D. Méthode des cations divalents

Commençons par présenter la méthode des cations divalents, actuellement la plus utilisée pour visualiser par AFM l’ADN et les complexes ADN-protéines sur une surface de mica.

1. Données principales sur l’adsorption.

La première utilisation de cations divalents dans la préparation d’un échantillon d’ADN pour l’AFM remonte au début des années 1990 (9). Bezanilla et al (10) ont ensuite montré en 1995 que l’utilisation de cations divalents ou multivalents augmente la quantité d’ADN qui s’adsorbe sur le mica, tandis que l’utilisation de cations monovalents diminue cette quantité. En 1996, Hansma et al (11) ont examiné l’effet de la nature du cation divalent utilisé et suggéré que le rayon cationique et l’enthalpie d’hydratation sont déterminants dans l’interaction du cation avec le mica. En particulier, le nickel, de rayon ionique (0,73 Å) proche de celui du magnésium (0,65 Å), a une enthalpie d’hydratation particulièrement élevée qui pourrait justifier une interaction plus forte du nickel avec le mica, donc une meilleure adsorption de l’ADN en présence de ce cation.

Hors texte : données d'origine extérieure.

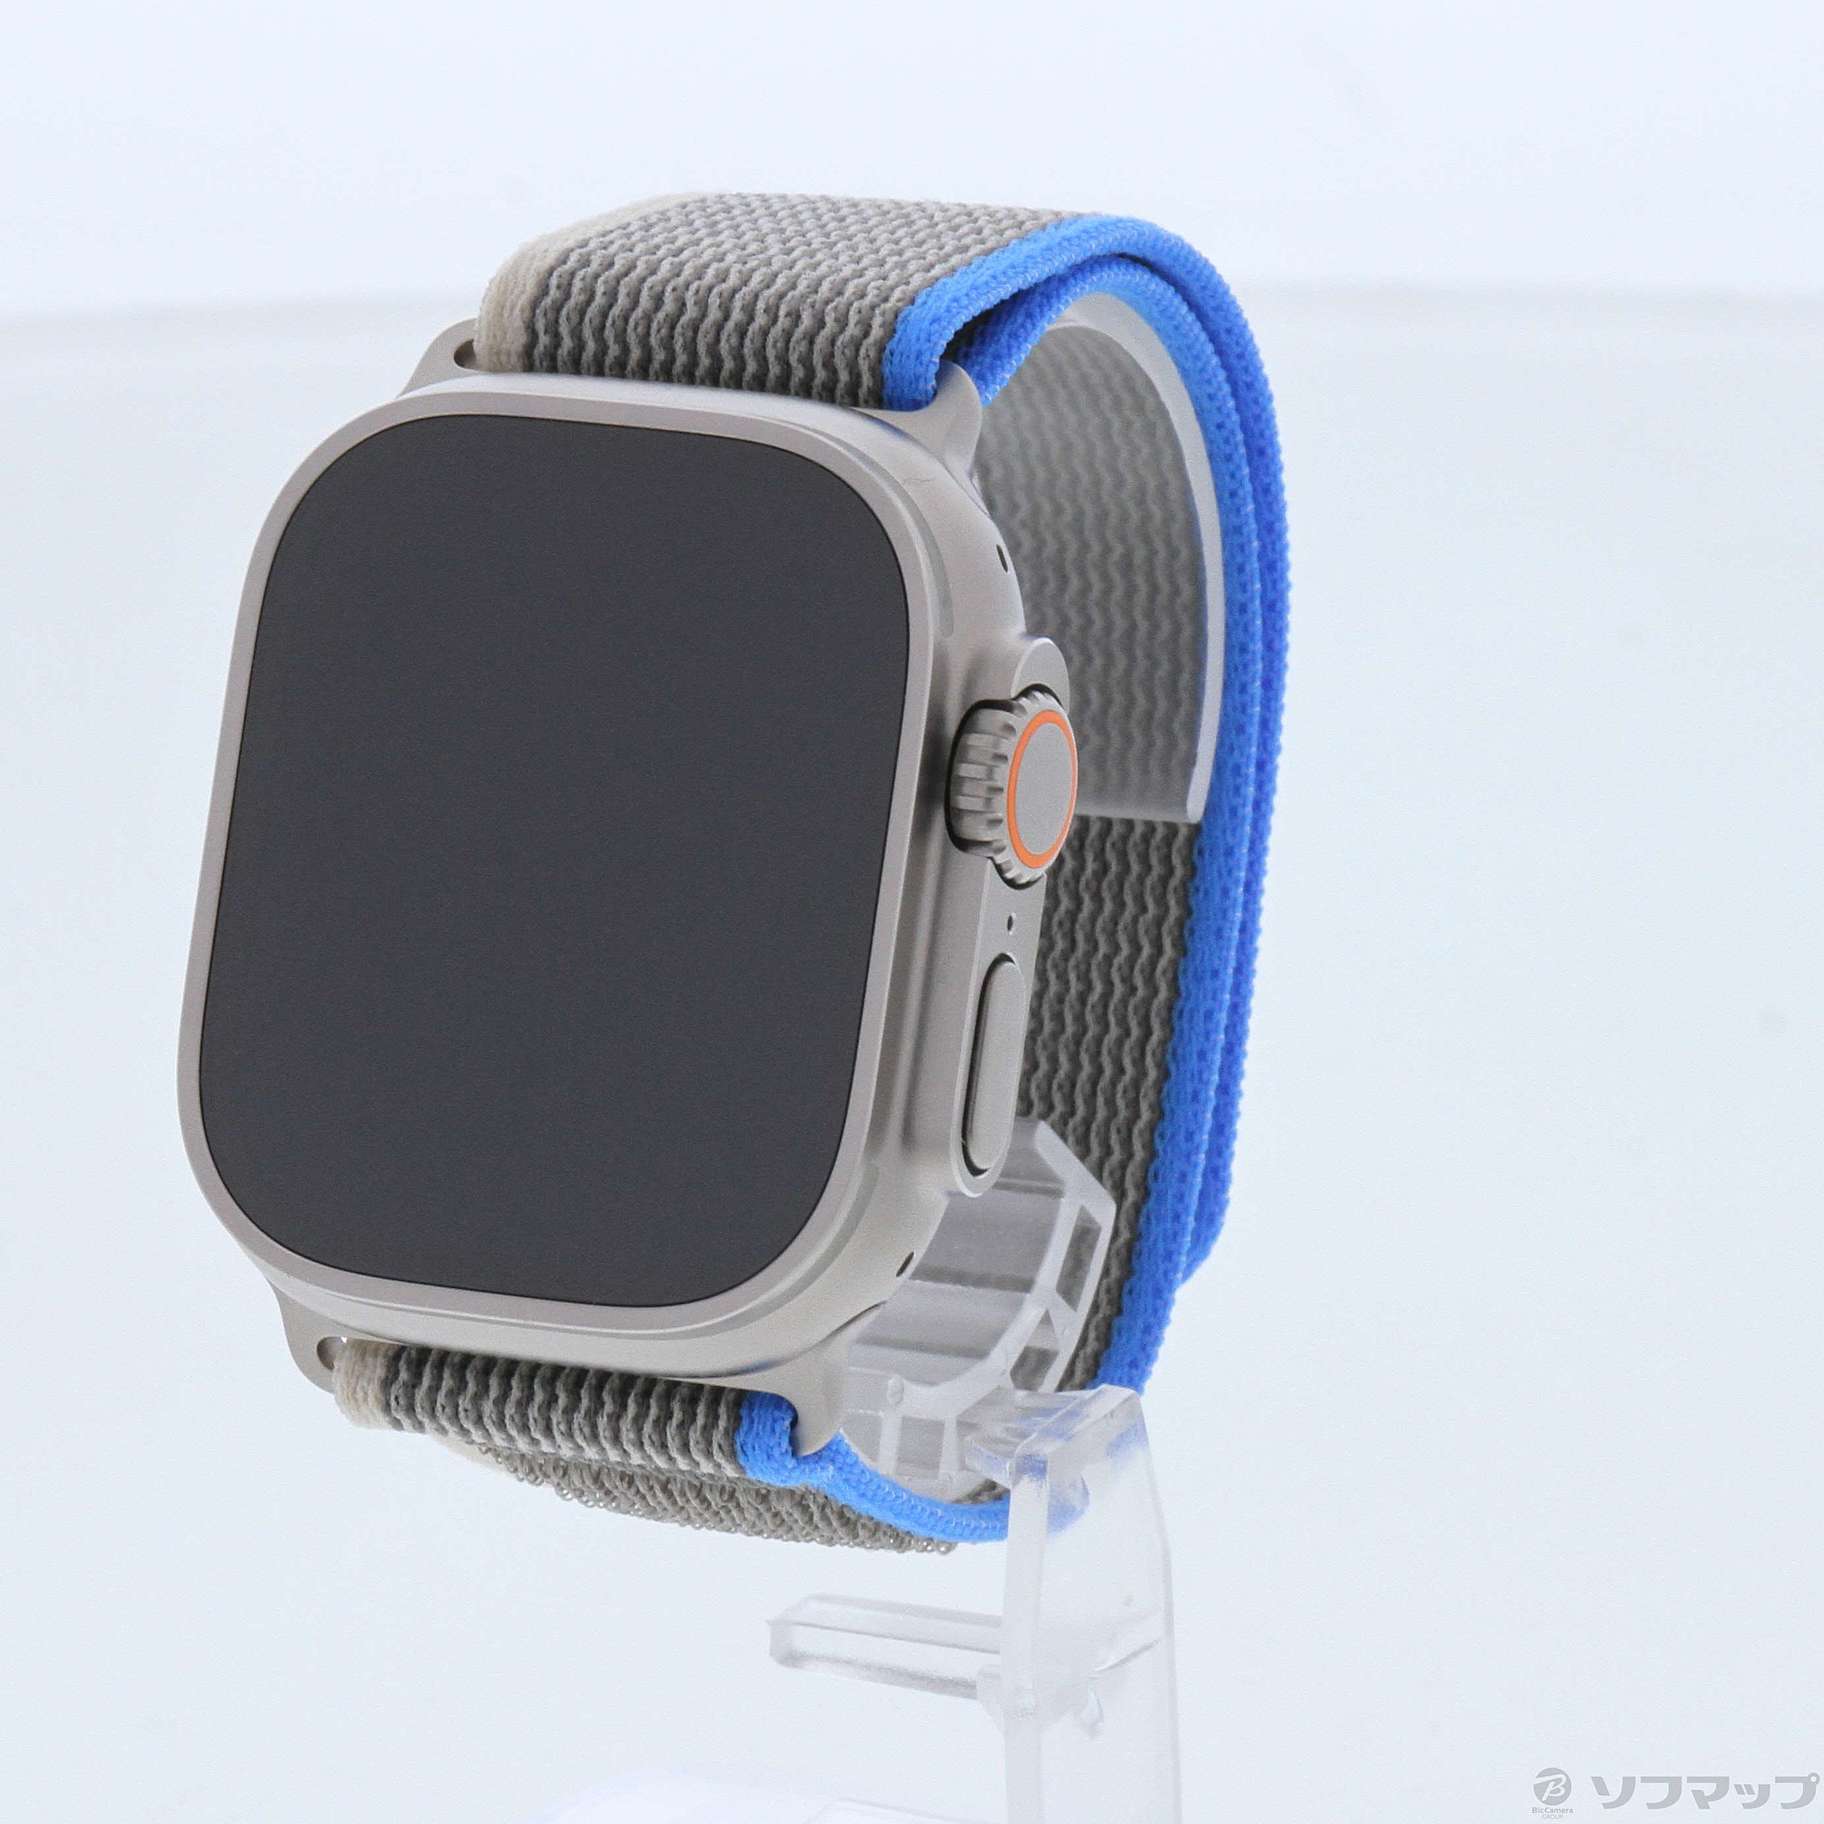 大流行中 純正 ブルー/グレイトレイルループ Apple 箱有り Apple Watch

Les résultats obtenus au laboratoire confirment une interaction plus importante du nickel avec la surface. Nos observations en XPS (X-ray Photoelectron Spectroscopy) montrent que les ions Mg2+ ne s’échangent pas significativement avec les ions K+ à la surface du mica. Par contre, nous avons mis en évidence un échange entre Ni2+ et K+. Le nickel se présente sous deux formes sur la surface de mica : NiOH+ et Ni2+ ; la deuxième forme indique qu’il est possible d’avoir une inversion locale de la charge du mica.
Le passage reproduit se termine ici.